Your doctor will carefully examine you at each visit for diabetes. In particular they will examine your cardiovascular system, eyes and neurological systems to detect any complications present. In the acute phase you may appear wasted and dehydrated. You may have difficulty breathing and have a sweet smell to your breath. In the later stages, your doctor will check your pulse, listen to your heart, measure your blood pressure (often lying and standing) and examine your limbs to detect any loss of sensation or ulcers.
How is it Diagnosed
- Blood glucose levels: persistently elevated blood sugar levels are diagnostic of diabetes mellitus. A specific test called a glucose tolerance test (GTT) may be performed. For this you need to be fasted and will be given a sugary drink. Your glucose level will then be measured at one and two hours after the doseto determine how welll your body copes with glucose.
- Urine: glycosuria (sugar in the urine) and ketonuria (ketones, a fat breakdown product) may be increased in diabetes mellitus.
- Urea and electrolytes: changes in these values may reflect possible dehydration.
Where difficulty with diagnosis is present, other investigations may include:
- Pancreatic islet cell autoantibody marker measurements: presence of islet cell autoantibodies is suggestive of type 1 DM.
- Glycosylated haemoglobin (HbA1c): this is an indirect measure of long-term blood sugar levels. It is usually expressed as a percentage (eg. 7%). It is used for monitoring of glycaemic (blood sugar) control.
Patients who suffer from diabetes have a lifelong struggle to attain and maintain blood glucose levels as close to the normal range as possible. With appropriate blood sugar control, the risk of both microvascular (small blood vessel) and neuropathic (nerve) complications is decreased markedly. Additionally, if hypertension (high blood pressure) and hyperlipidemia (high cholesterol) are treated promptly and aggressively, the risk of cardiovascular complications should decrease as well.
Due to the dangers of diabetic ketoacidosis and high blood glucose levels, the initial management of type 1 diabetes mellitus may require hospitalisation to get blood sugar levels under control.
Longer-term, the goals of treatment are to prolong life, reduce symptoms, and prevent diabetes-related complications such as blindness, kidney failure, and amputation of limbs. These goals are accomplished through education, insulin use, meal planning and weight control, exercise, foot care, and careful self-testing of blood glucose levels. Self-testing of blood glucose is accomplished through regular use of a blood glucose monitor (pictured, right). This machine can quickly and easily measure the level of blood glucose based by analysing the level from a small drop of blood that is usually obtained from the tip of a finger. You will also require regular tests for glycated haemoglobin (HbA1c). This measures your overall control over several months.
Replacement of insulin is essential in the treatment of type 1 diabetes mellitus. Numerous insulin types are available, and are chosen based on the patient’s lifestyle and blood glucose levels. Insulin is given as a subcutaneous (under the skin) injection several times throughout the day to attempt to stabilise blood glucose levels.
Education about diabetes is essential, and is usually conducted by a diabetes educator in conjunction with a multidisciplinary diabetes management team. Important areas to cover include diet, exercise, blood glucose monitoring, medication regimes, and alterations in diabetes management with illness.

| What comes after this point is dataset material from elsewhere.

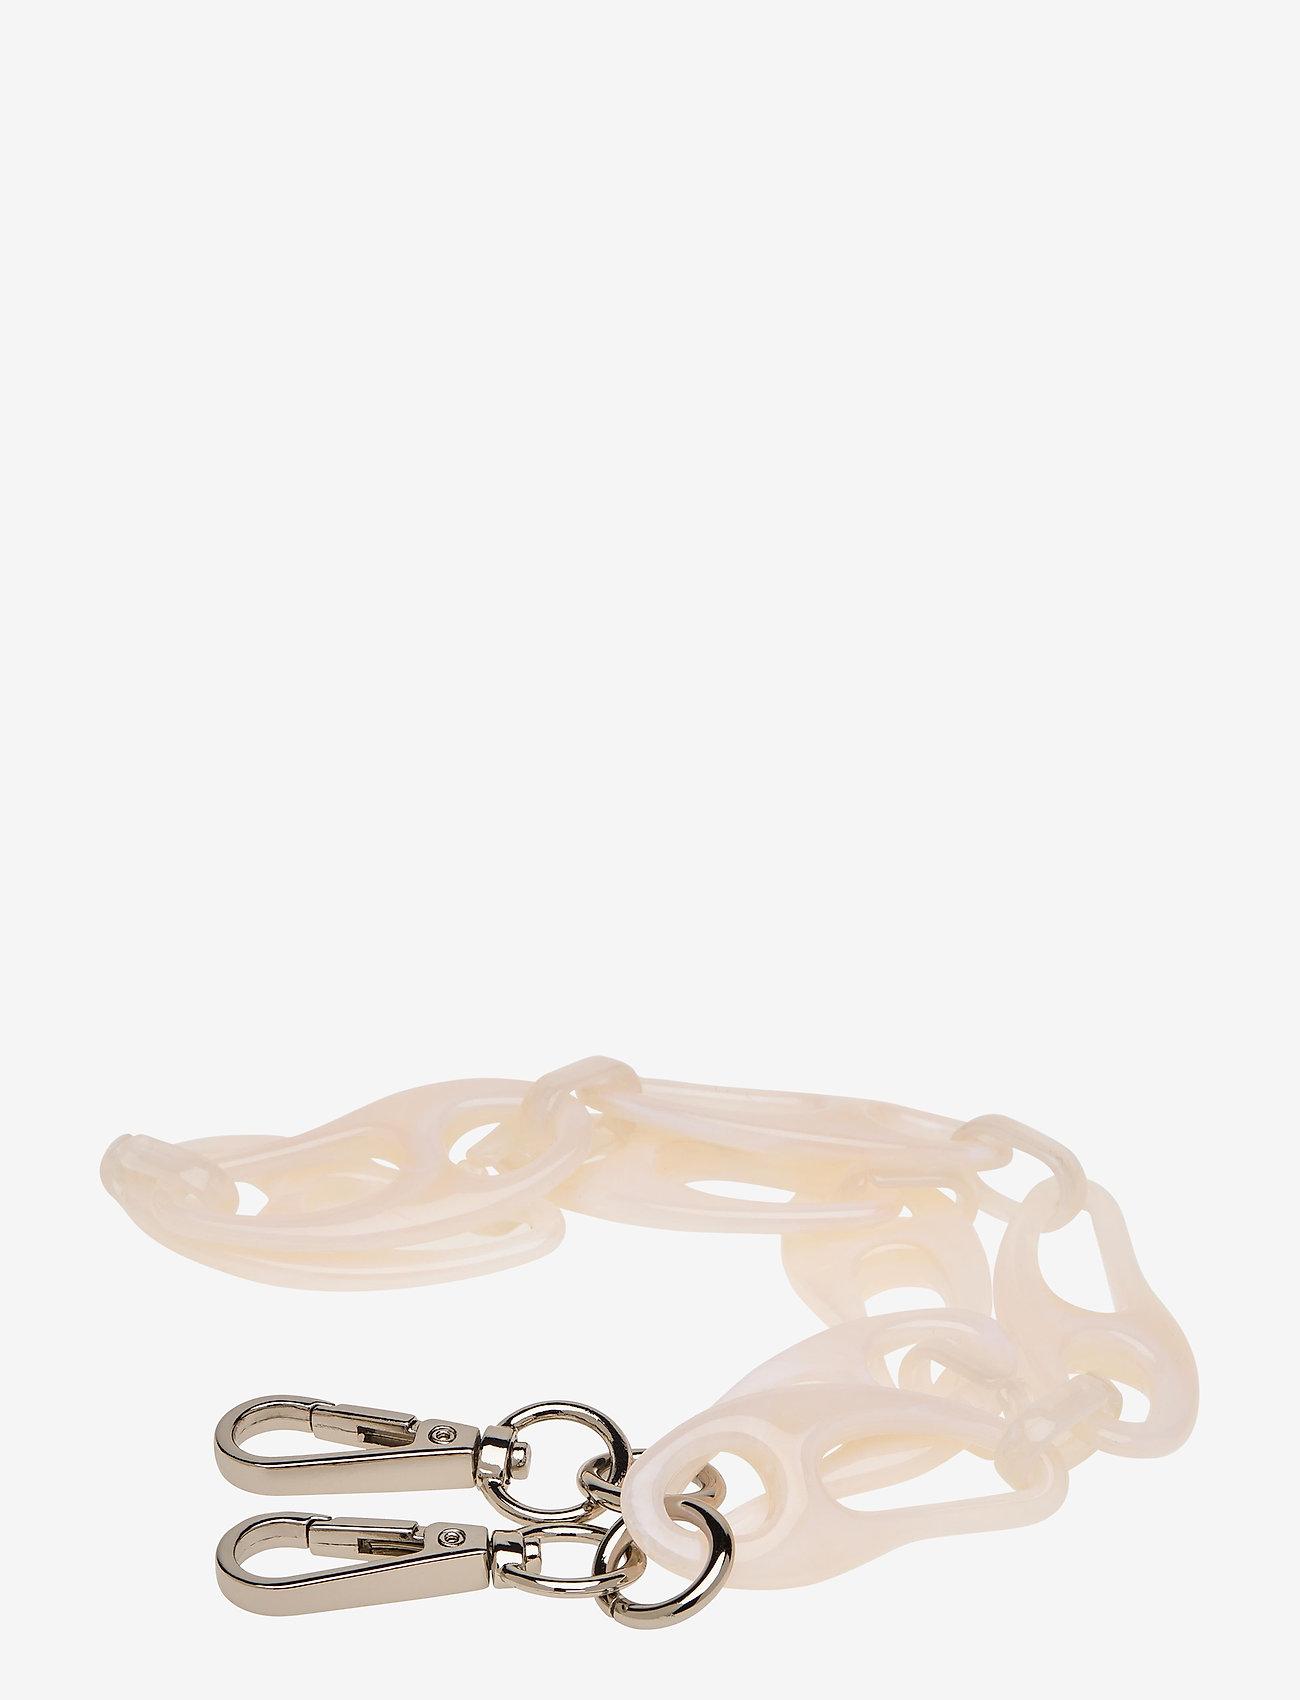 HVISK - WAVY CHAIN HANDLE - sale - white - 0

Diabetes management involves controlling a whole lot of other risk factors:
- Reducing your blood pressure – The usual target is less than 130/80mmHg. This may be achieved by medications and dietary salt restrictions.
- Lowering cholesterol – Eating lots of oily fish can also help.
- Weight control – This is best achieved through diet and exercise. If you are very overweight you may also need special meal replacement programs, drugs or bariatric surgery to help you lose weight.
- Monitoring for complications – As well as seeing your diabetic educator you may need follow up with a podiatrist (foot doctor), ophthalmologist (eye doctor), renal physician and cardiologist to monitor and treat any complications from your disease.